### Data records
=======

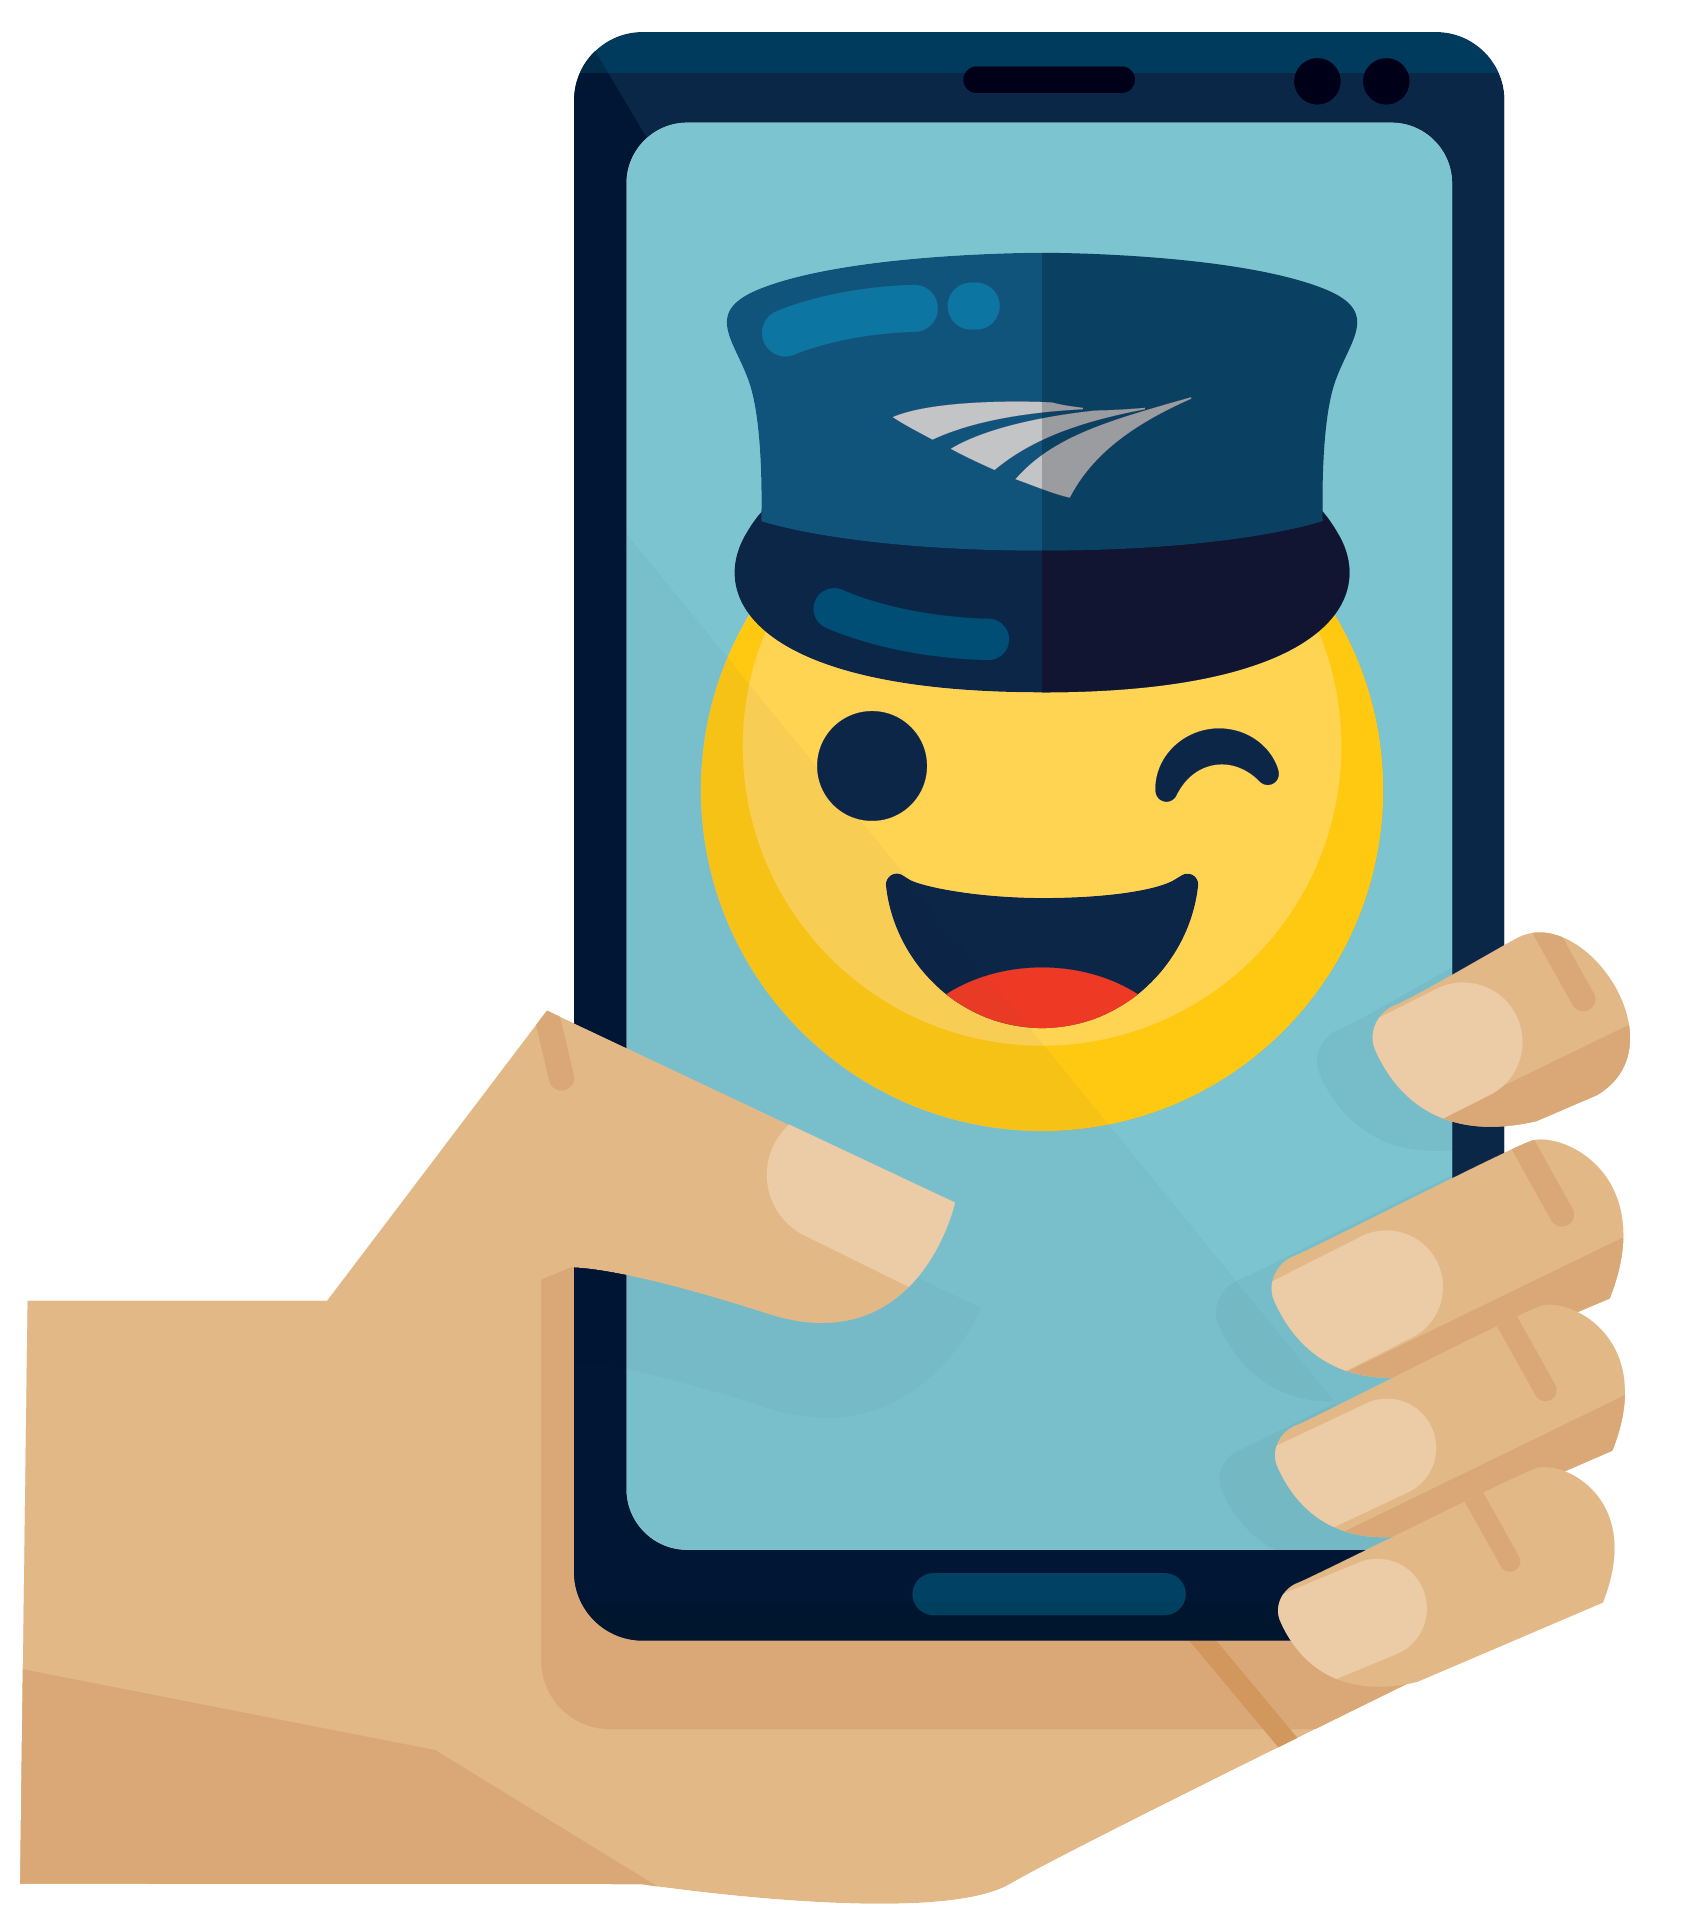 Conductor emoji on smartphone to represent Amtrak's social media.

=======

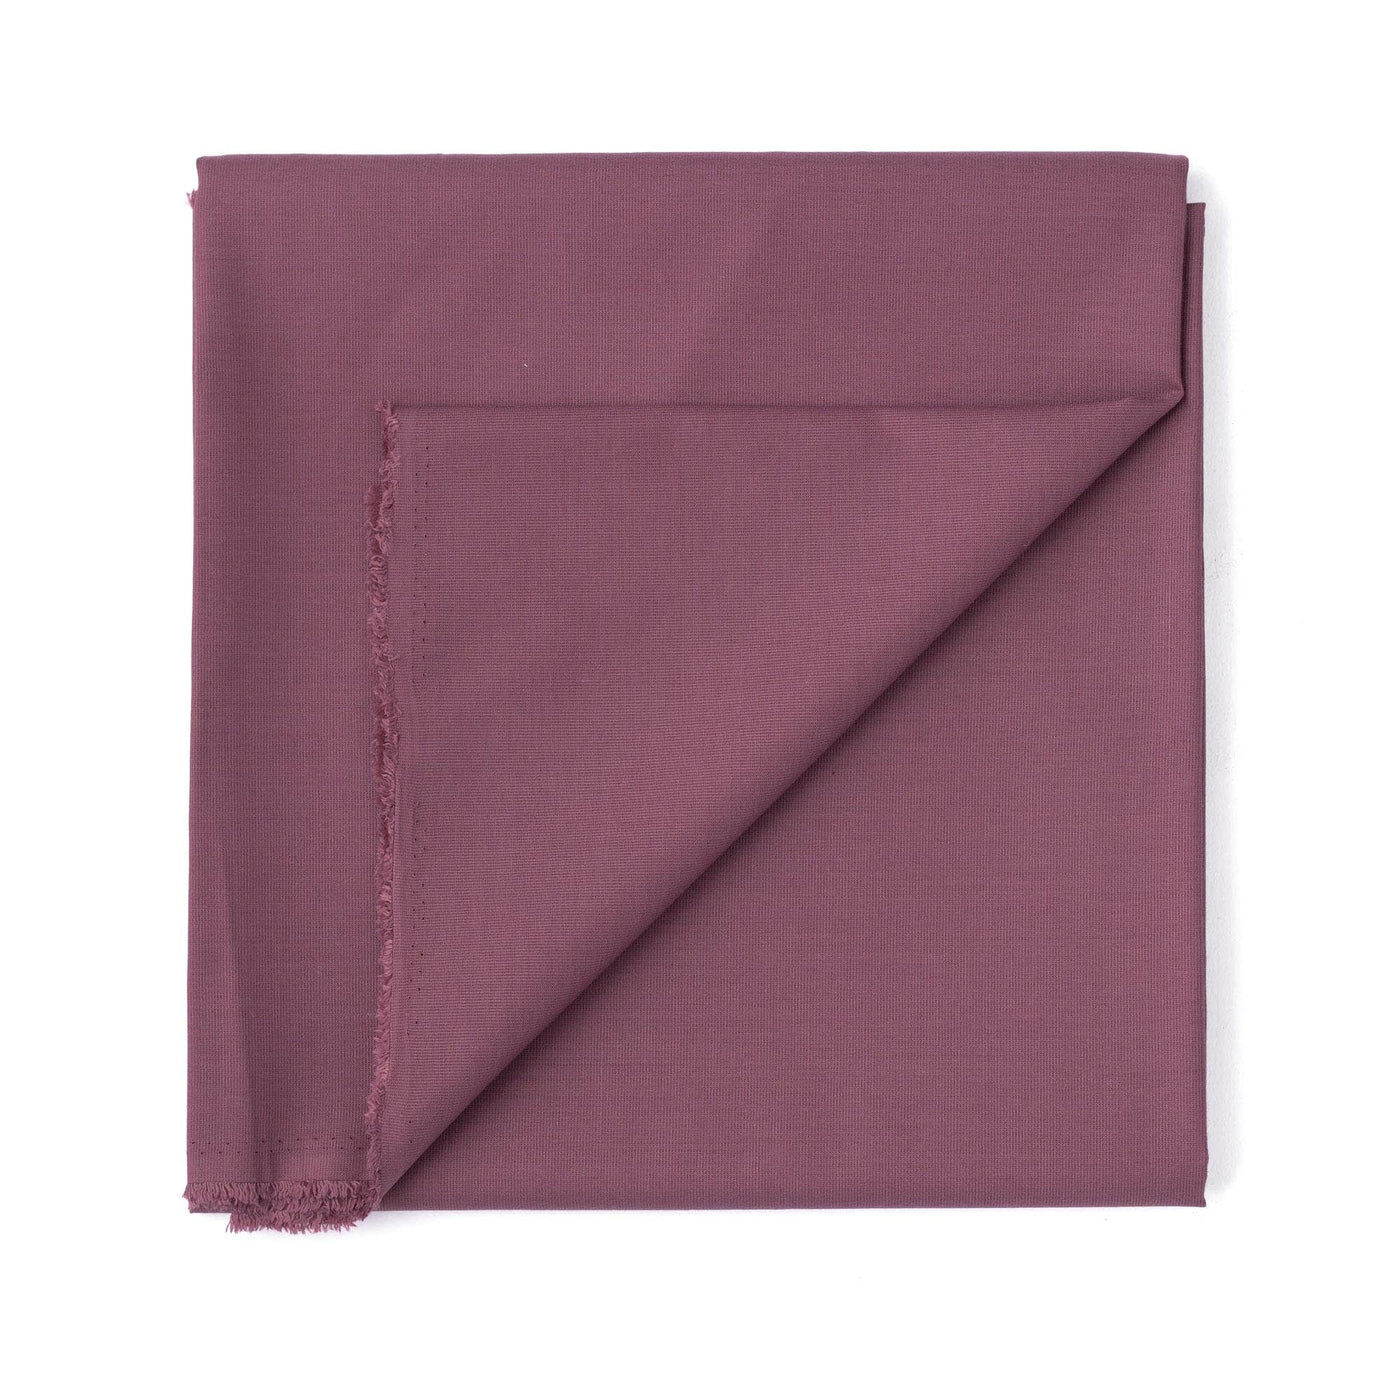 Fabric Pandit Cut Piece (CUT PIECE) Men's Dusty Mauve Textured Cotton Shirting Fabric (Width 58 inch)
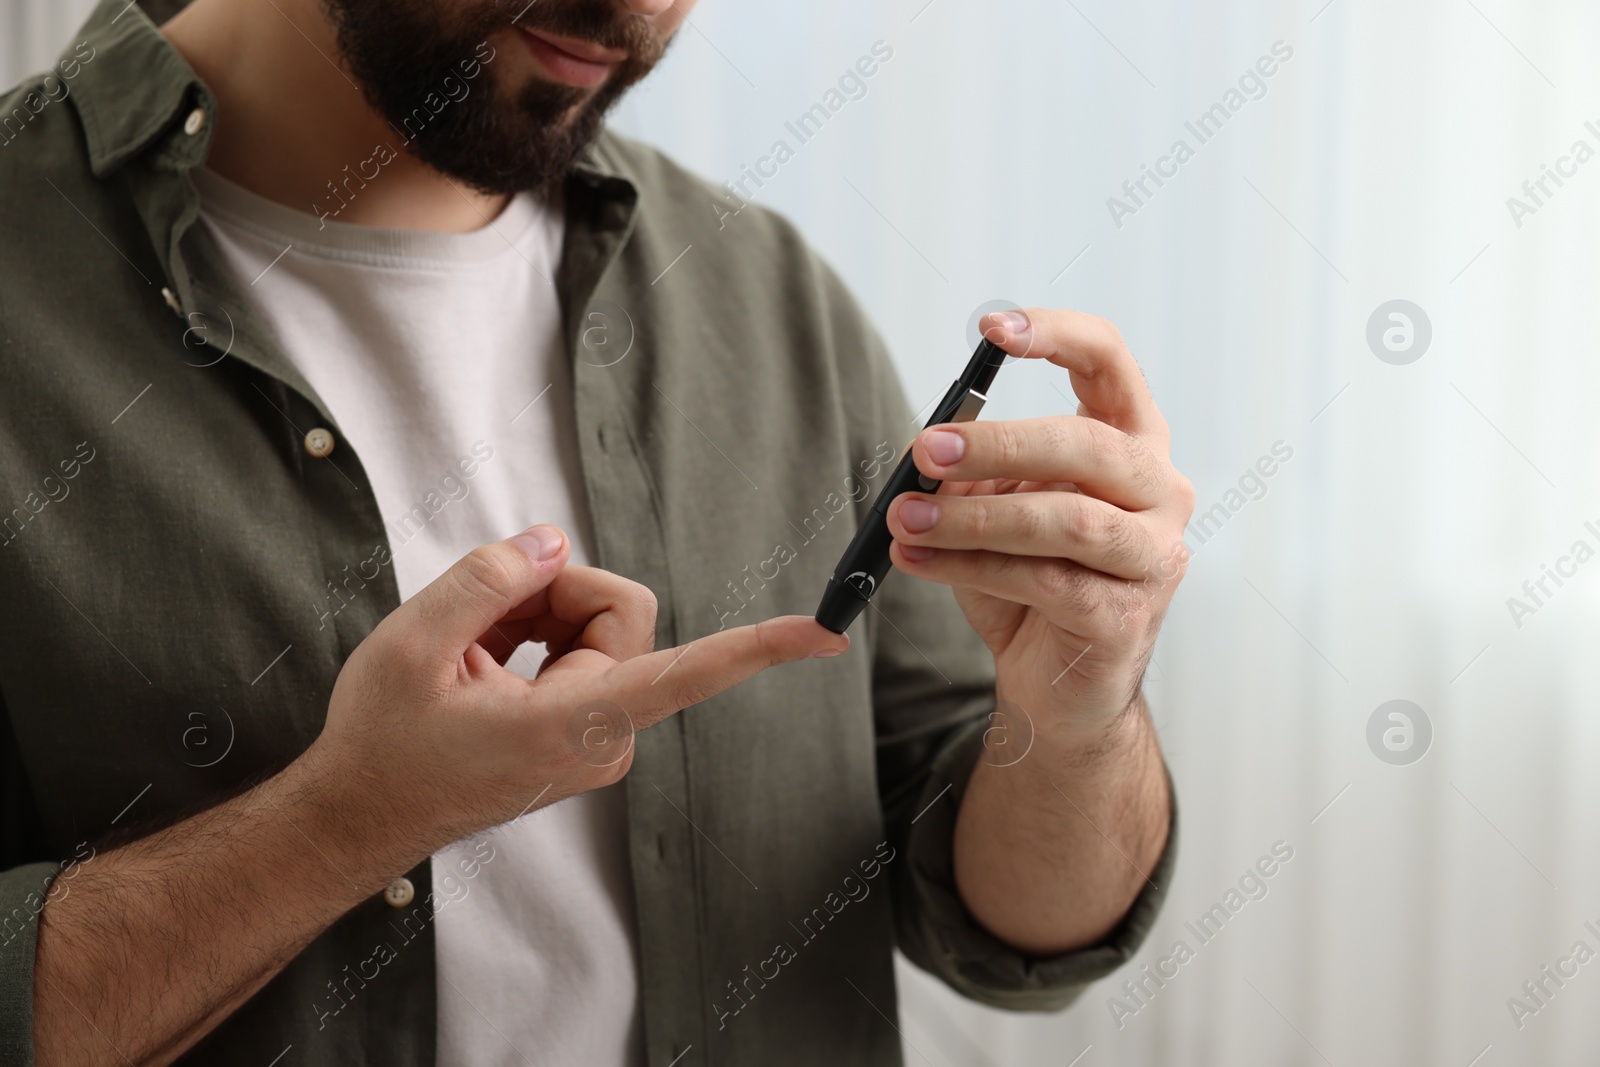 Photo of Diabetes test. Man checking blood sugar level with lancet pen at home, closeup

=======

### Task brief
Range to print from the listing above: from the line with "Fabric Pandit Cut" up to and including the line with "Photo of Diabetes". Please print those lines exactly, with no pictures and nothing more.

### Result of this task
 Fabric Pandit Cut Piece (CUT PIECE) Men's Dusty Mauve Textured Cotton Shirting Fabric (Width 58 inch)
 Photo of Diabetes test. Man checking blood sugar level with lancet pen at home, closeup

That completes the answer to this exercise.